- EXERCISE -
Copy, word for word, the lines below from the one containing "Totem 24 in." up to and including the one containing "ETERNAL WOMAN INTIMATE", with pictures left out.

- DATASET EXCERPTS -
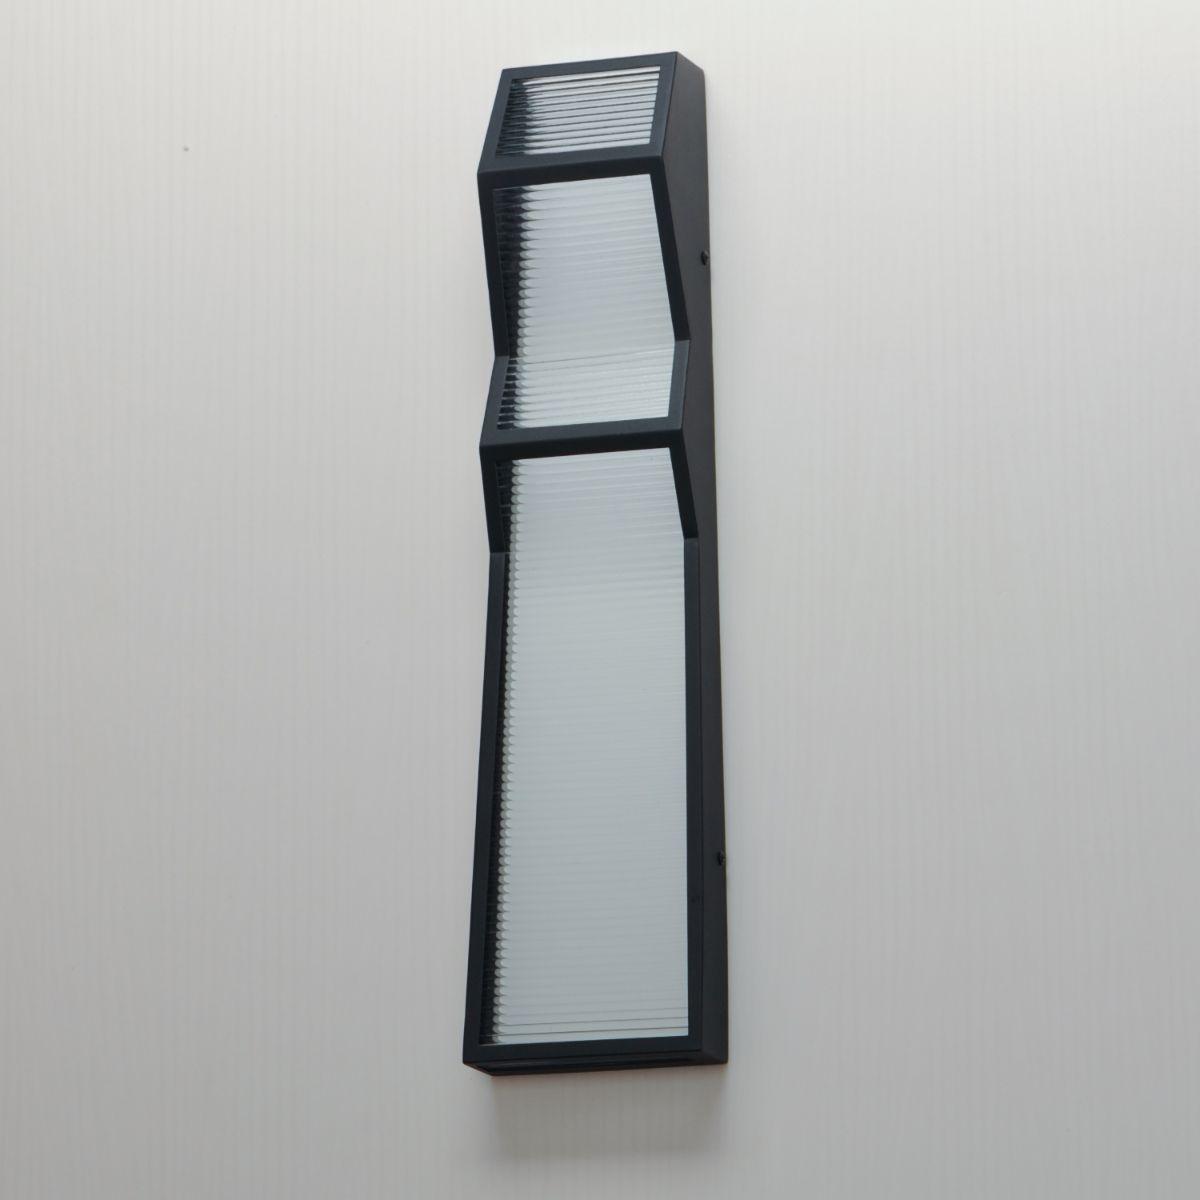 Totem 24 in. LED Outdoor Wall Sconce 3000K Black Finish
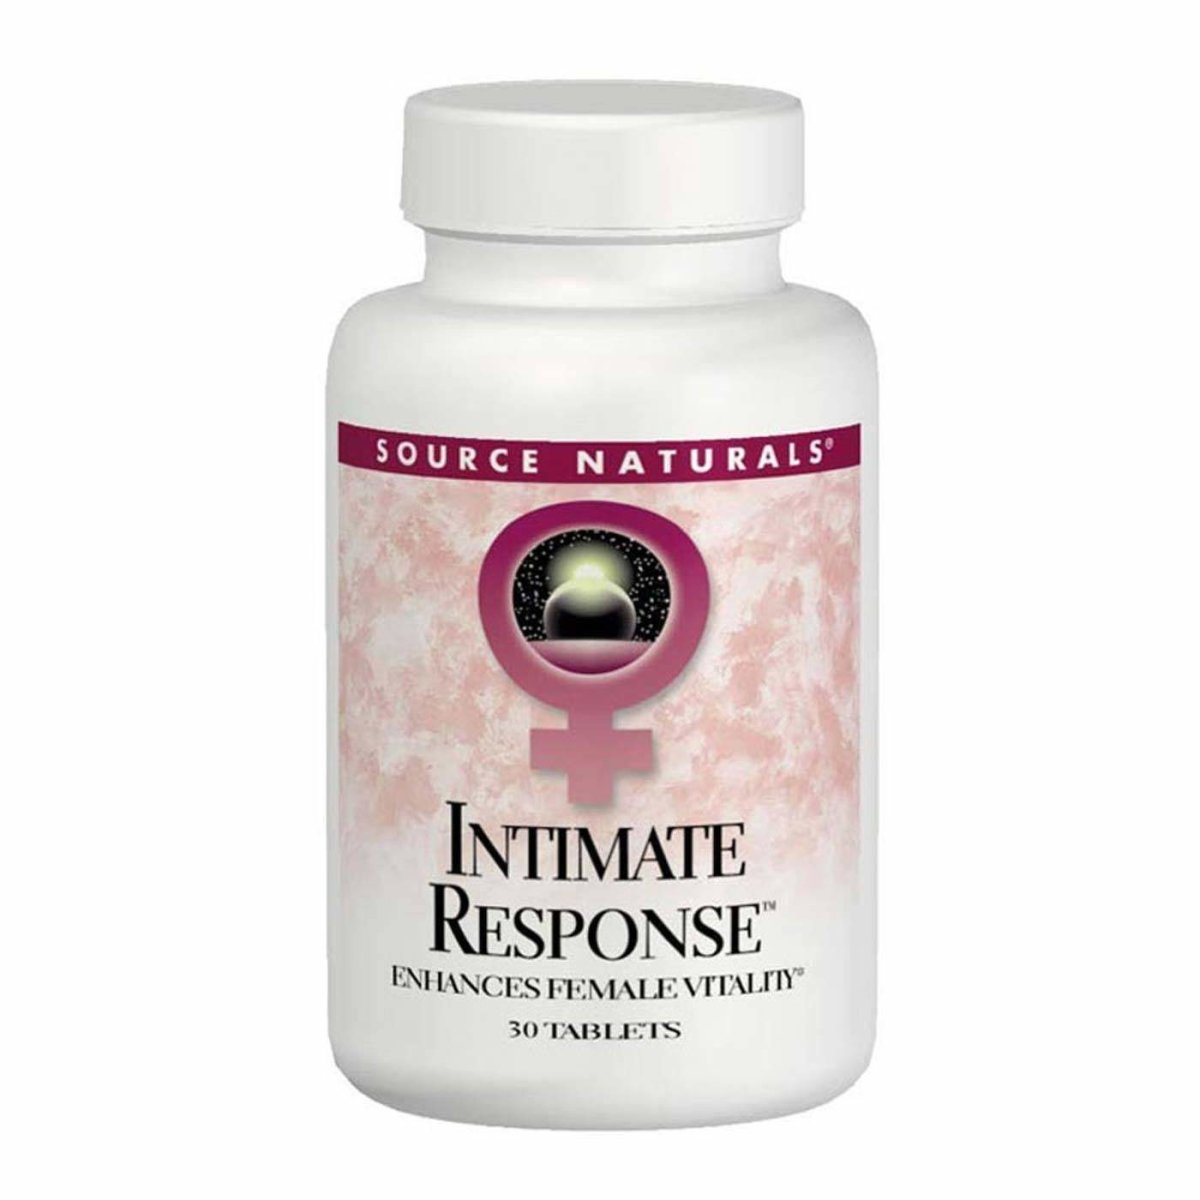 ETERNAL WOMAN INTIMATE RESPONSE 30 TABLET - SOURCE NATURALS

---

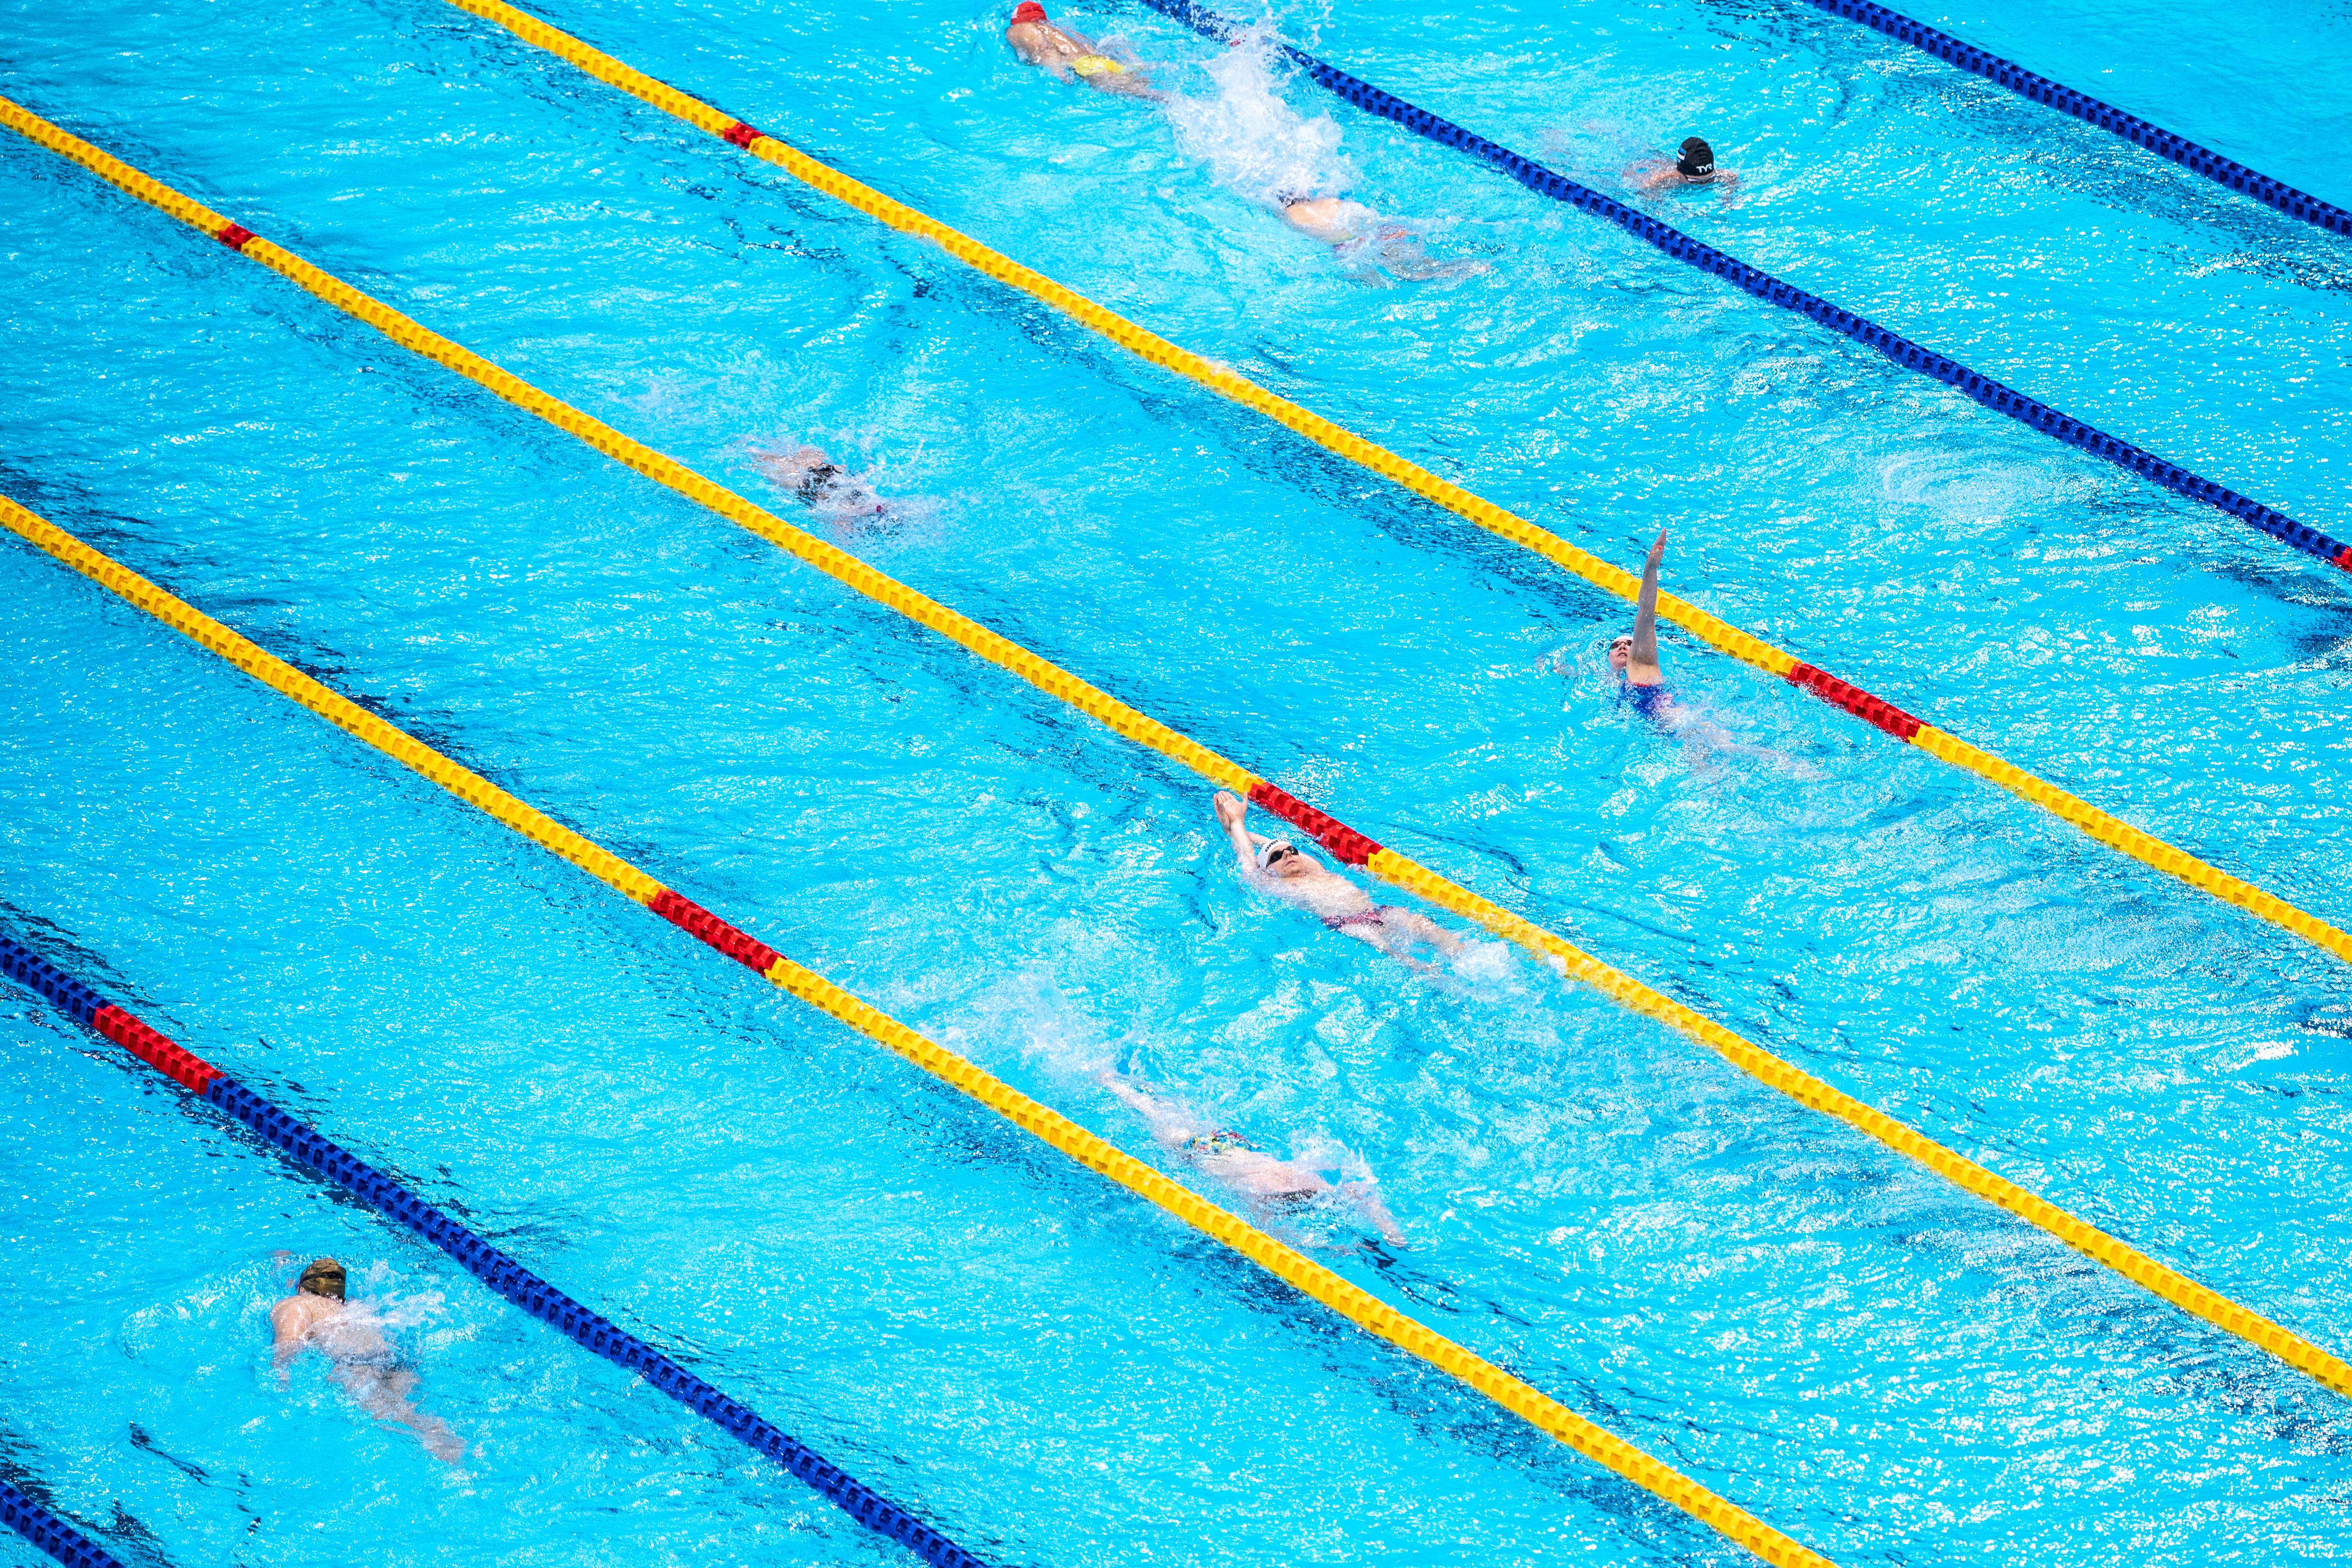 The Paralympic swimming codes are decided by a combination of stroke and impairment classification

--

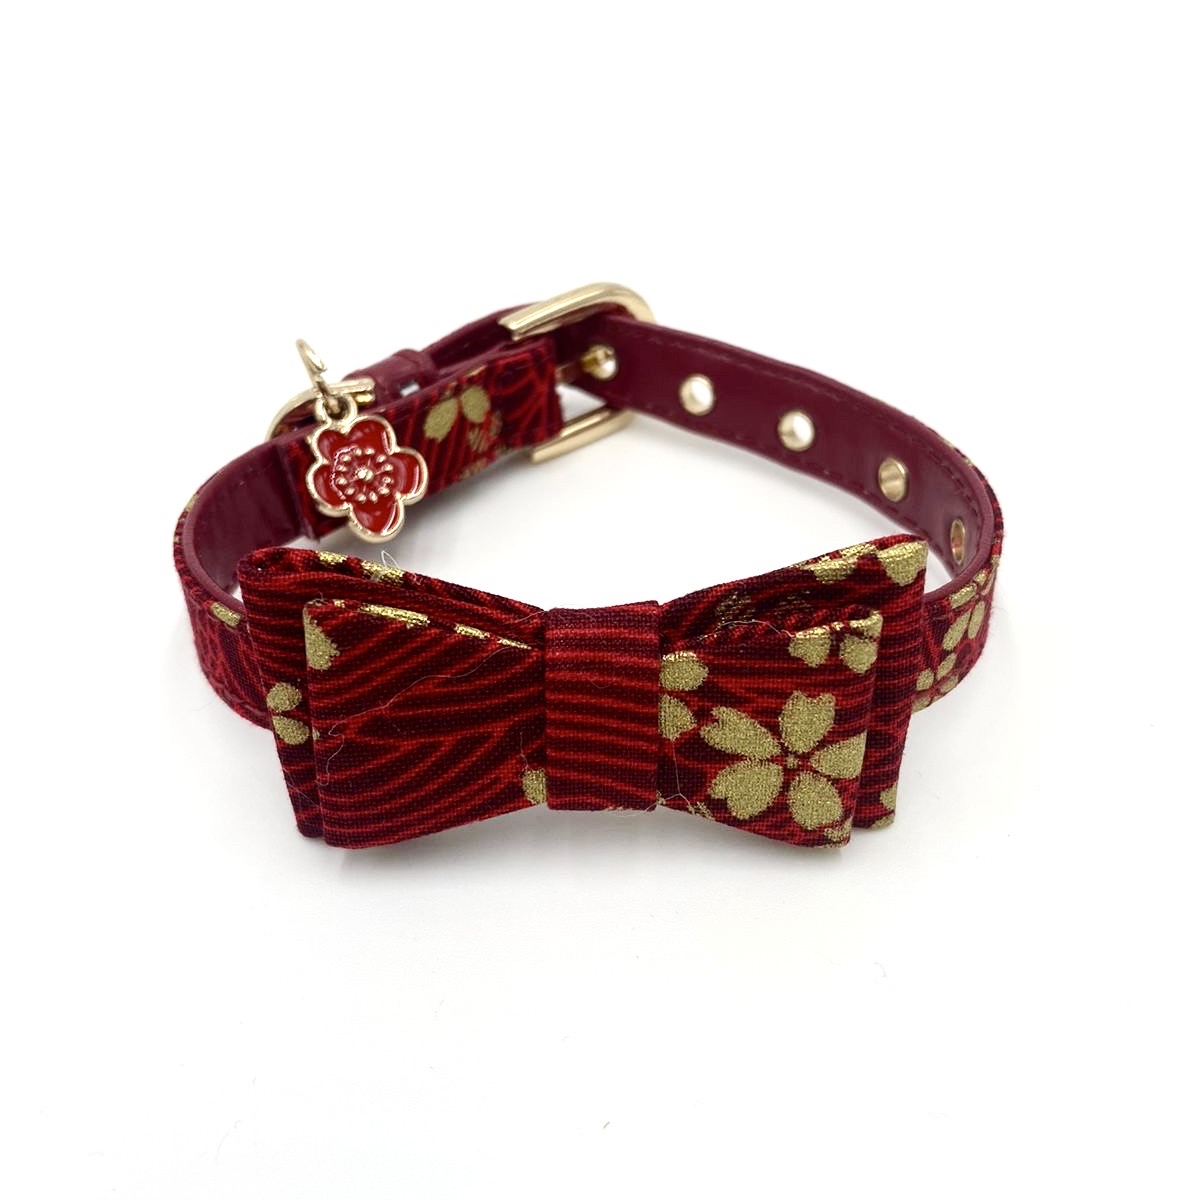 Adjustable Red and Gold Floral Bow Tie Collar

- WRITTEN SOLUTION -
 Totem 24 in. LED Outdoor Wall Sconce 3000K Black Finish
 ETERNAL WOMAN INTIMATE RESPONSE 30 TABLET - SOURCE NATURALS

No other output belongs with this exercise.